How Daniel improved his cashflow…

…and stopped funding his clients’ businesses!

‘Daniel’ was a bakery engineer.

He had a thriving business – in all but one respect.

He wasn’t great at invoicing for his work, so it took his clients months to pay him.

When our team first met him, they were aghast at what this meant…

Daniel had no problem bringing on new clients since his work was so highly specialised. He would go into their bakeries to repair broken equipment, order the spare parts and pay for them himself. It was sometimes six months until he recouped that money, let alone got paid for his time and expertise.

He was effectively funding other people’s businesses. That was his model!

Daniel was constantly chasing overdue payments and chronically short of cash.

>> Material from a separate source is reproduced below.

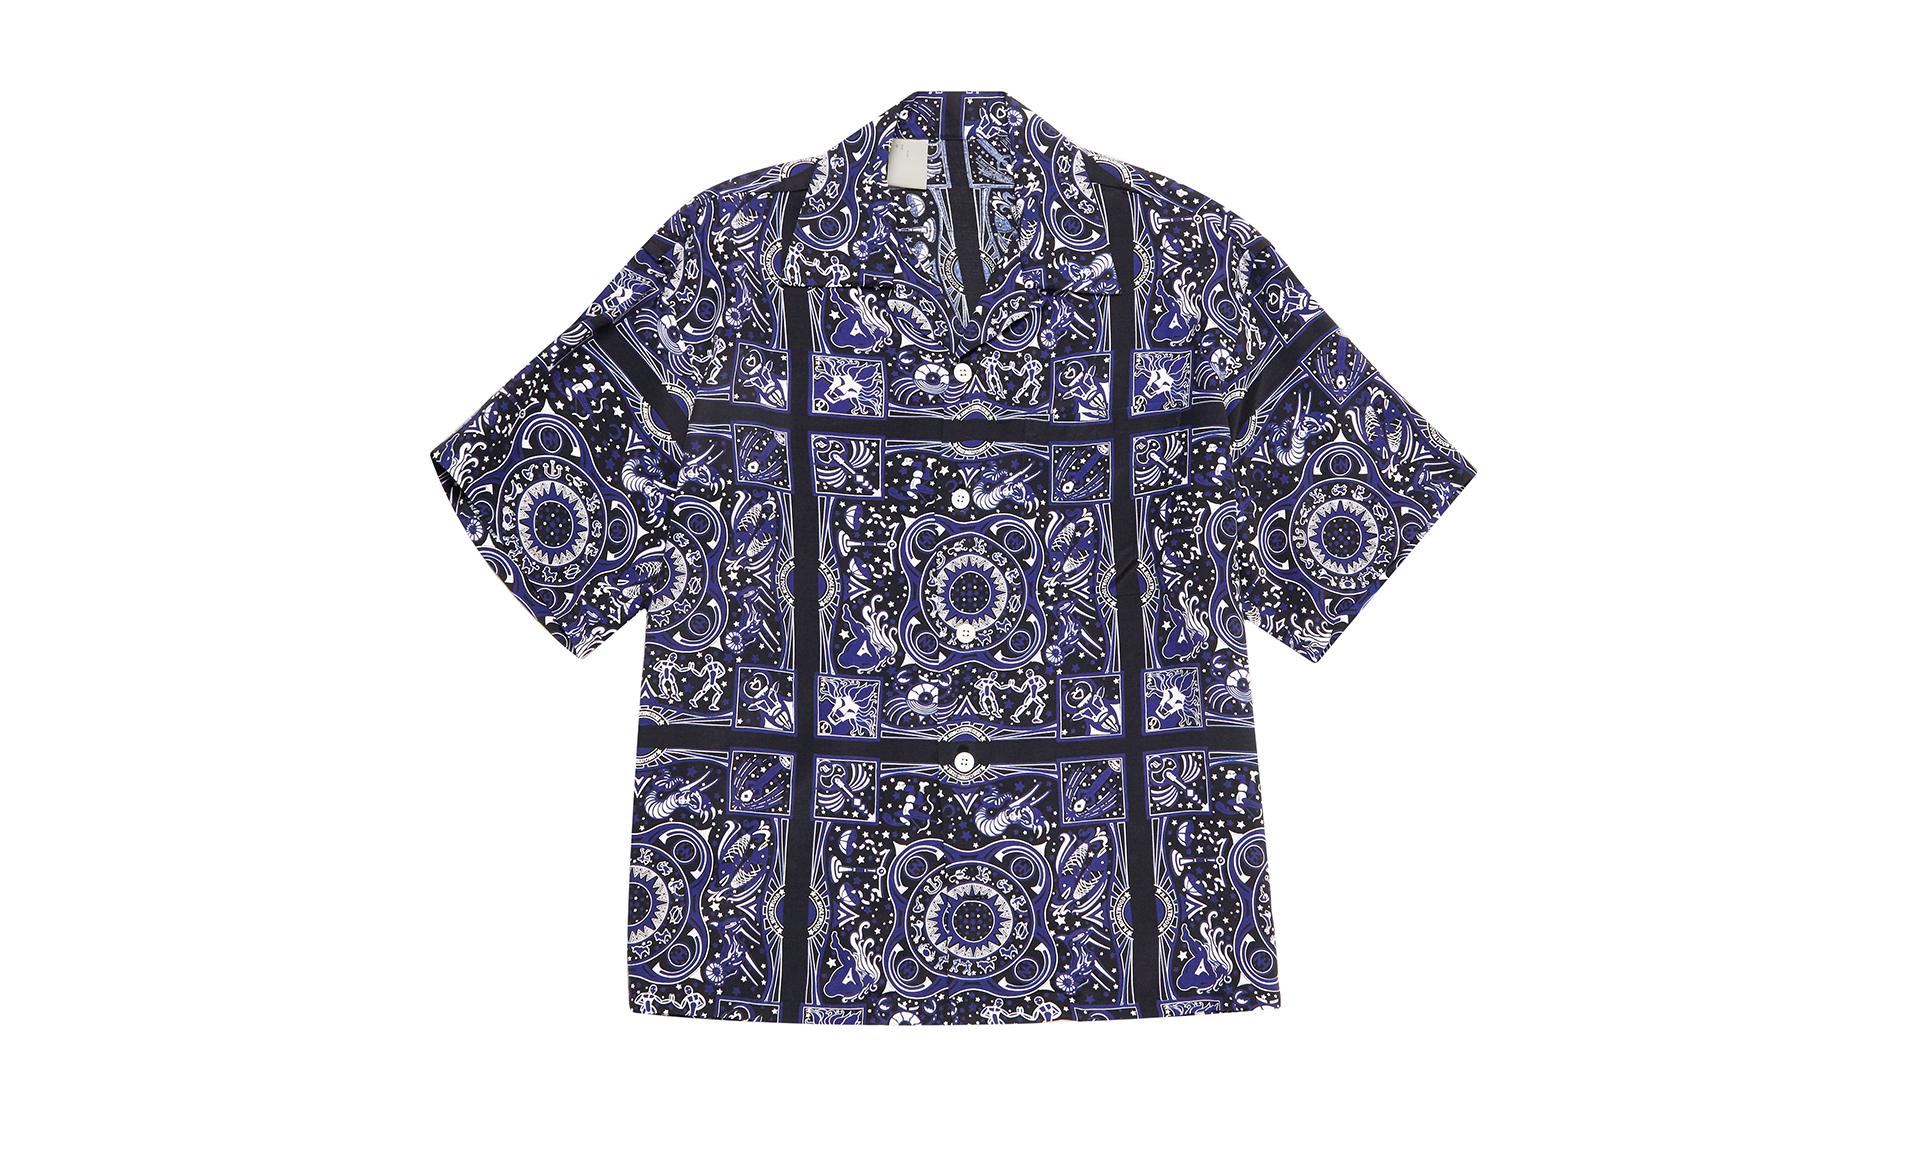 N.HOOLYWOOD 2020 春夏夏威夷衬衫系列即将发售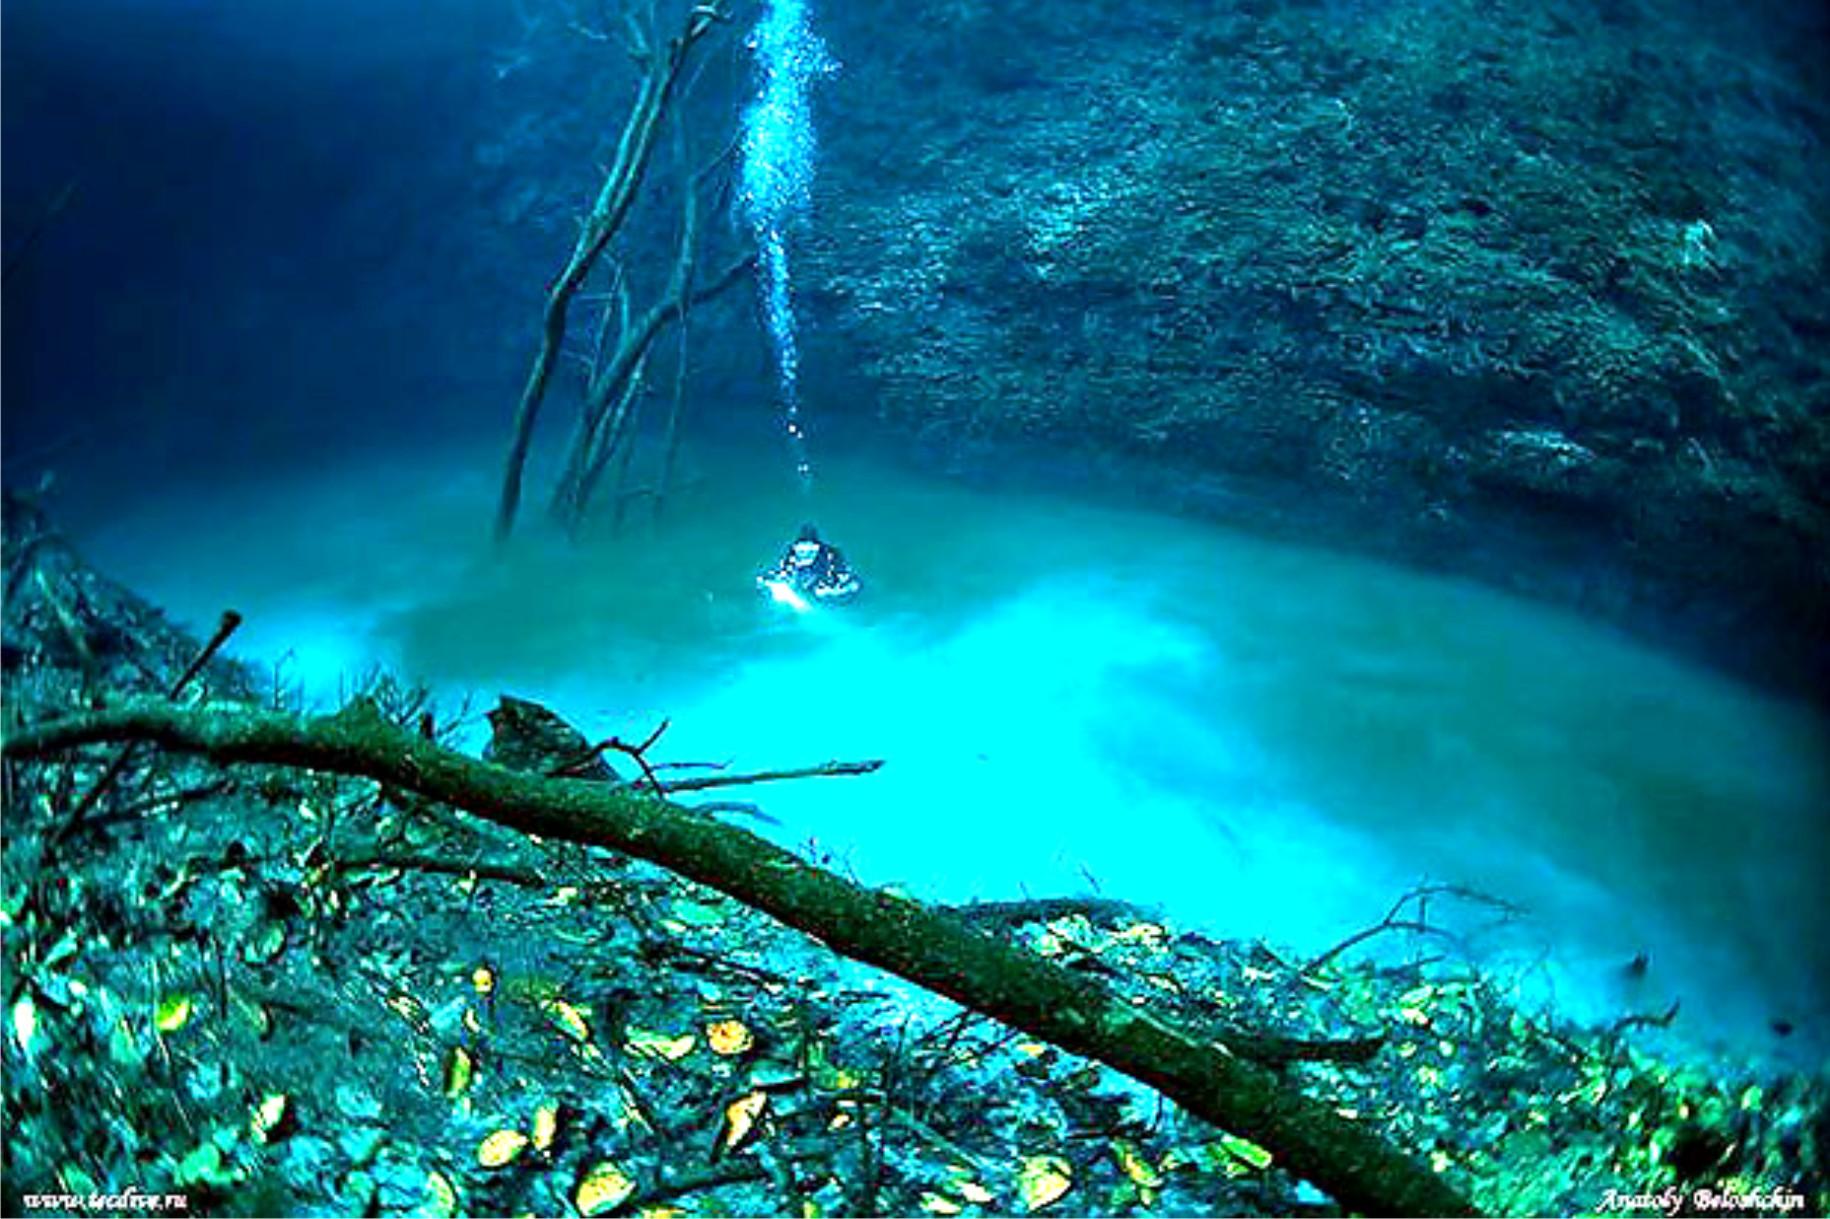 Sungai Bawah Laut Bukti Kebenaran Al-Qur'an | Yayasan Baitul Maqdis

You can imagine the financial stress he was under.

It’s a classic cashflow problem – and you don’t have to be bad at invoicing for this to happen to you too.

Clients might be too slow to pay for many reasons: for example, your terms and conditions give them too much leeway, or your invoices are simply not a priority for them.

Either way, like Daniel, you’ll end up short of money even if you’re profitable on paper and you have lots of clients.

So how can cash problems like this be resolved?

As I’ve been explaining in my last emails, the key is to understand how money flows through your business: When it comes in, when it comes out, how long it takes to recoup any money you spend – and where you’re left with gaps where money is tight.

In other words, you need to understand your cashflow.

Once you understand these patterns, you can take actions to improve your cash position, either getting more money into your business, or getting it into your business faster.

Typical actions might include working on your credit control, tightening up your procedures to get clients to pay you in good time.

You might also consider taking longer to pay your own suppliers, so that money doesn’t leave your own accounts quite so quickly. (Of course, we don’t recommend delaying payment unnecessarily, but many businesses pay invoices very soon after they receive them, while the terms and conditions may allow you more leeway.)

Or you might look at how you manage stock. When do you buy it? How long does it sit in your office or warehouse, unused – effectively tying up your money?

That’s one of the first steps we took to help Daniel.

We helped him institute a system whereby his clients paid for all their spare parts upfront, so that this expense no longer came out of his own pocket.

That way, even if they didn’t pay him for his work immediately, he didn’t lose money on the parts.

Eventually they moved to a system where he would not commence work without a £500 deposit, and would only work up to that value until the rest of the bill was paid.

He wasn’t paid any more than before, but because he was paid much quicker (and even in advance), his cash position improved immeasurably. Without clients in constant arrears, his stress dissipated as well.

Of course, there are other steps you can take to improve your cashflow and shorten your cashflow cycle. It all depends on the precise challenge you’re facing.

Here at Insight Associates, we routinely help our clients understand their cashflow situation and then improve it.

It’s a key part of our outsourced financial management service, because cashflow is the lifeblood of any successful business. Just like a machine that needs fuel constantly flowing through its pipes, your business needs money constantly flowing in order to stay afloat, and stay healthy.

The truth is that almost every business can tighten up its cash cycle, even if you don’t face serious cashflow issues. You will never regret receiving money faster and having it in your account for longer – and most businesses are not as efficient at this as they may imagine.